3. Die belangte Behörde hat die Akten der Verwaltungsverfahren vorgelegt und Gegenschriften erstattet, in denen sie für die Abweisung der Beschwerden eintritt.
Die Marktgemeinde Ardagger hat keine Äußerung erstattet.
II. 1. Aus Anlaß dieser Beschwerden beschloß der Verfassungsgerichtshof, gemäß Art 140 Abs 1 B-VG von Amts wegen ein Verfahren zur Prüfung der Verfassungsmäßigkeit des § 62 Abs 2 erster und zweiter Satz der Niederösterreichischen Bauordnung 1996 LGBl. 8200-3 einzuleiten. Mit Erkenntnis vom , G 322,360,361/01, hob der Verfassungsgerichtshof die erwähnten Bestimmungen als verfassungswidrig auf.
Die belangte Behörde hat ein verfassungswidriges Gesetz angewandt. Es ist nach Lage des Falles offenkundig, daß seine Anwendung für die Rechtsstellung der Beschwerdeführer nachteilig war.

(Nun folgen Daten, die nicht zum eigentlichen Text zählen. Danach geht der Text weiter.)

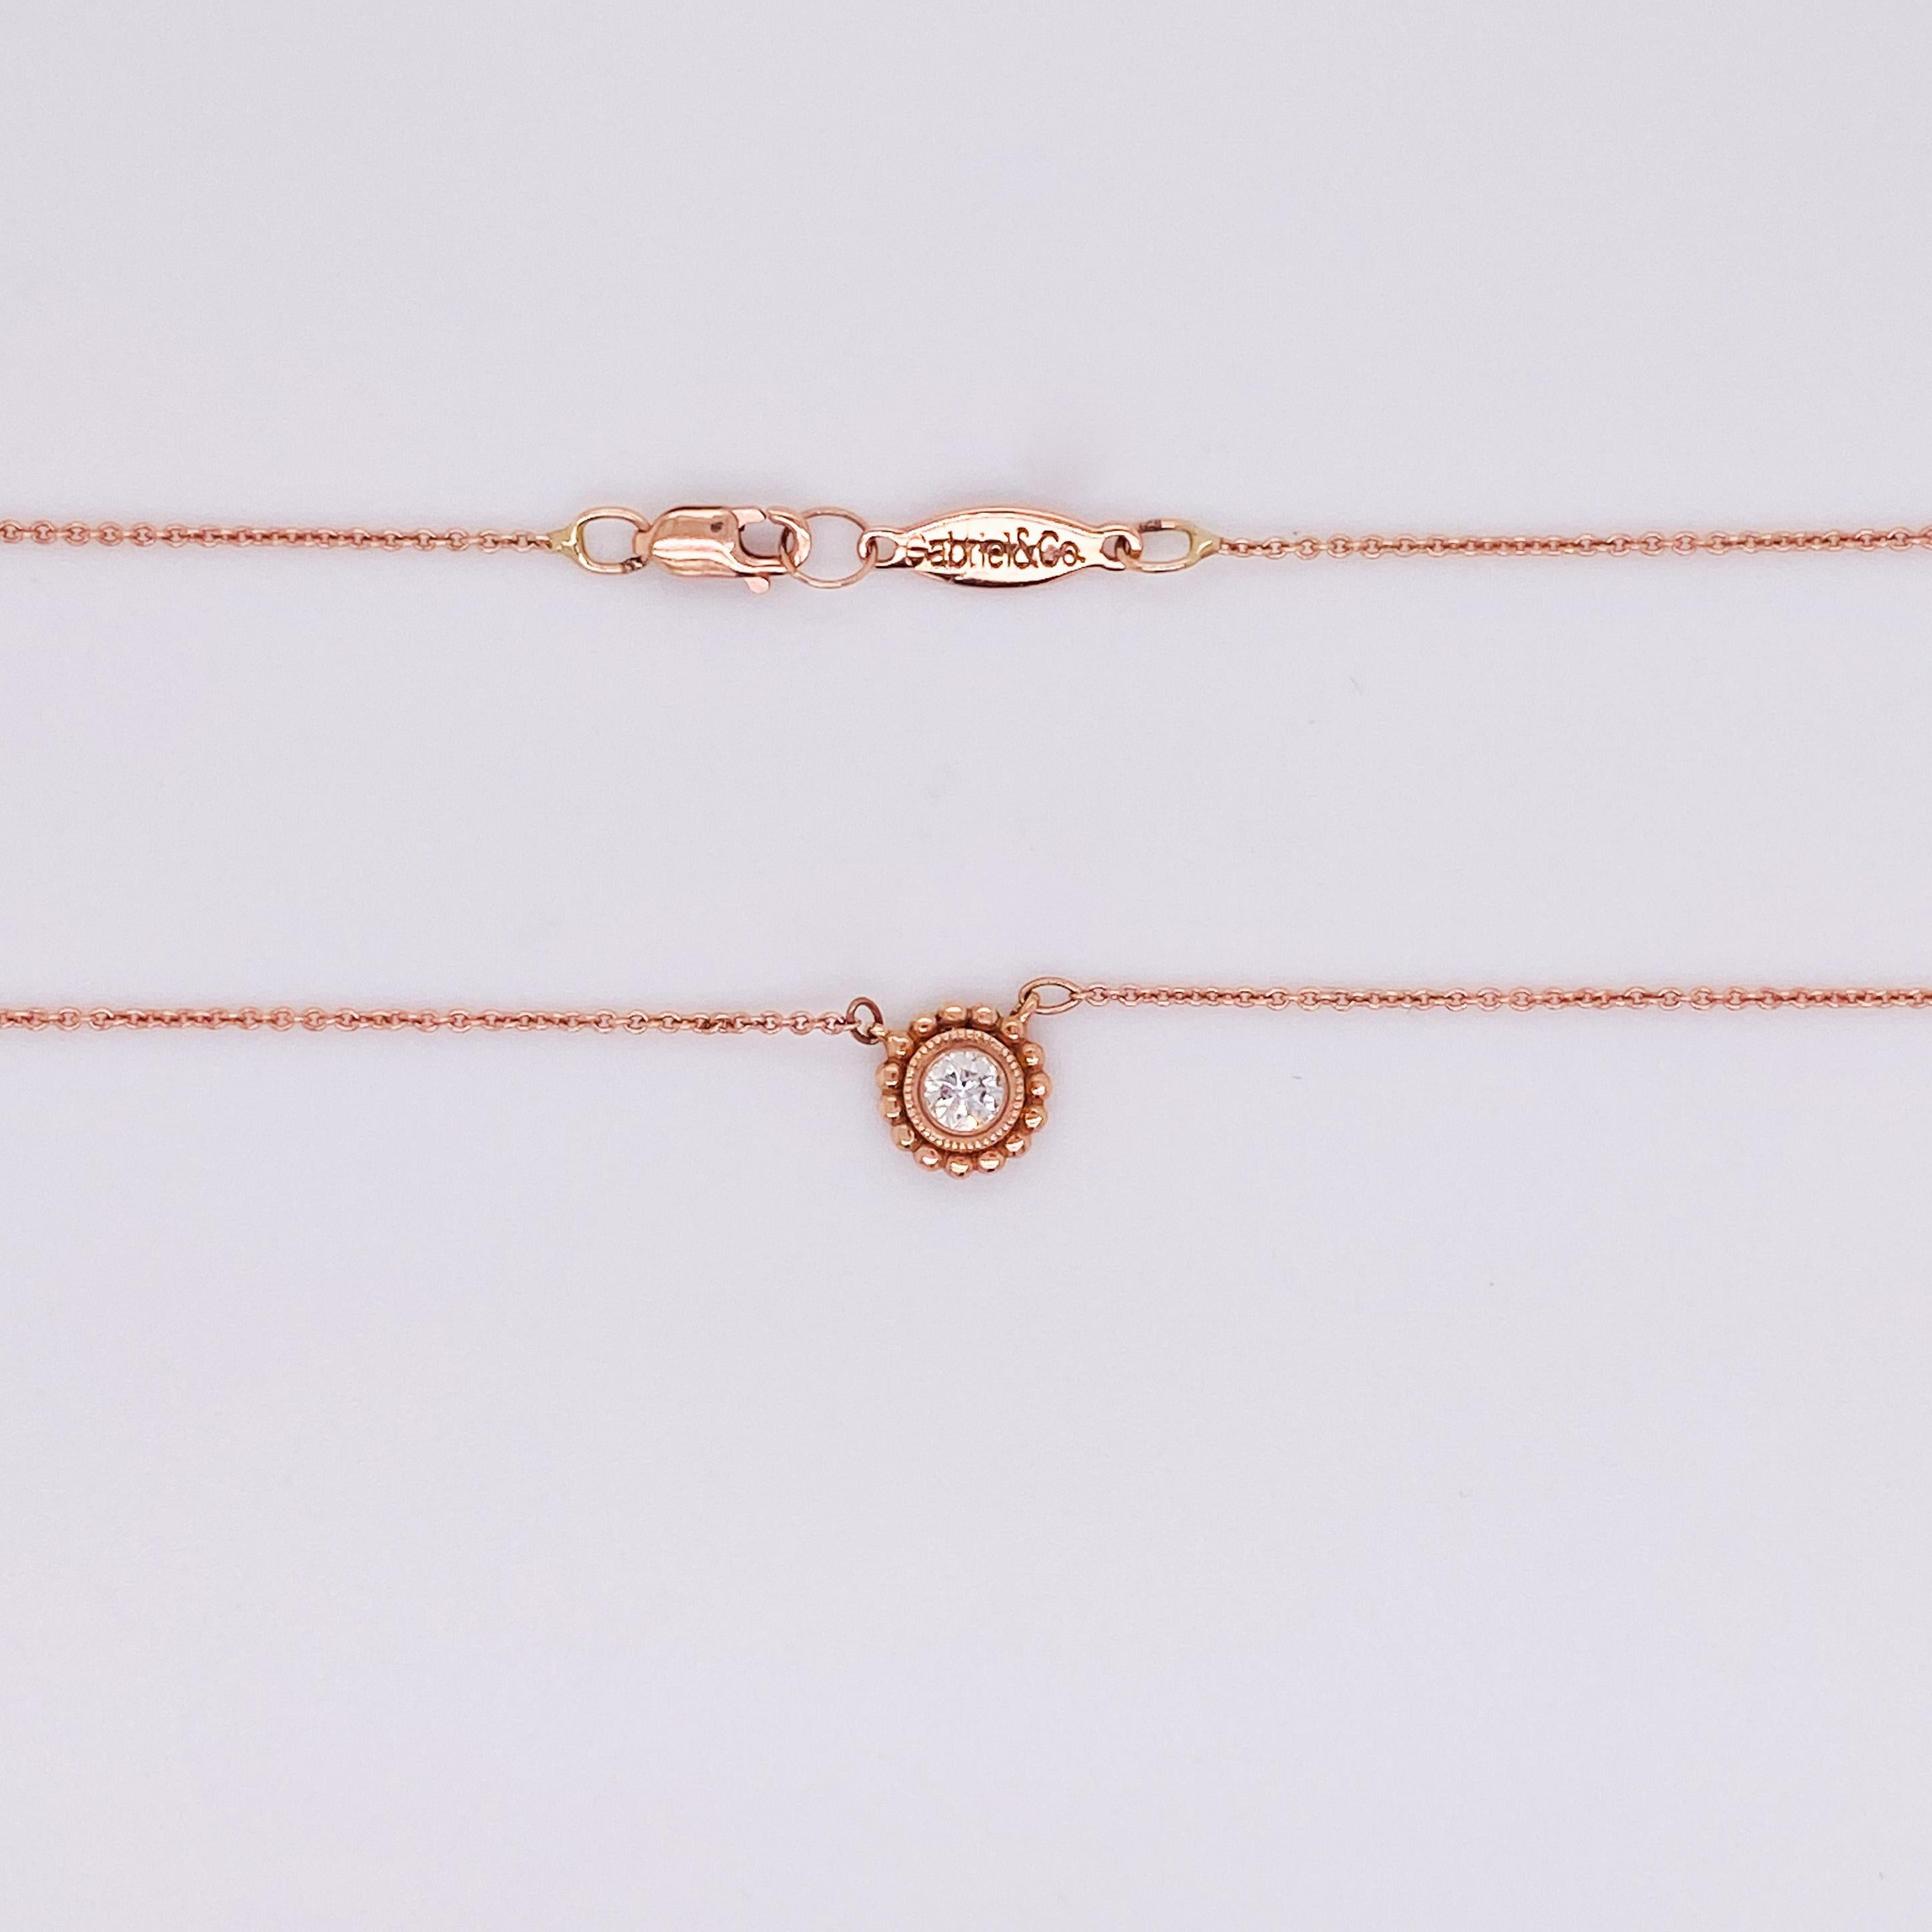 Contemporary Dainty Diamond Daisy Necklace .12 Carats in 14K Rose Gold, April Birthstone LV For Sale

Die Beschwerdeführer wurden also durch die angefochtenen Bescheide wegen Anwendung eines verfassungswidrigen Gesetzes in ihren Rechten verletzt (zB VfSlg. 10303/1984, 10515/1985).
Die Bescheide waren daher aufzuheben.
2. Dies konnte gemäß § 19 Abs 4 Z 3 VfGG ohne mündliche Verhandlung in nichtöffentlicher Sitzung beschlossen werden.
Die Kostenentscheidung beruht auf § 88 VfGG. In den zugesprochenen Kosten ist Umsatzsteuer in der Höhe von jeweils € 327,- sowie der Ersatz der entrichteten Gebühren gemäß § 17a VfGG von jeweils € 181,68 enthalten.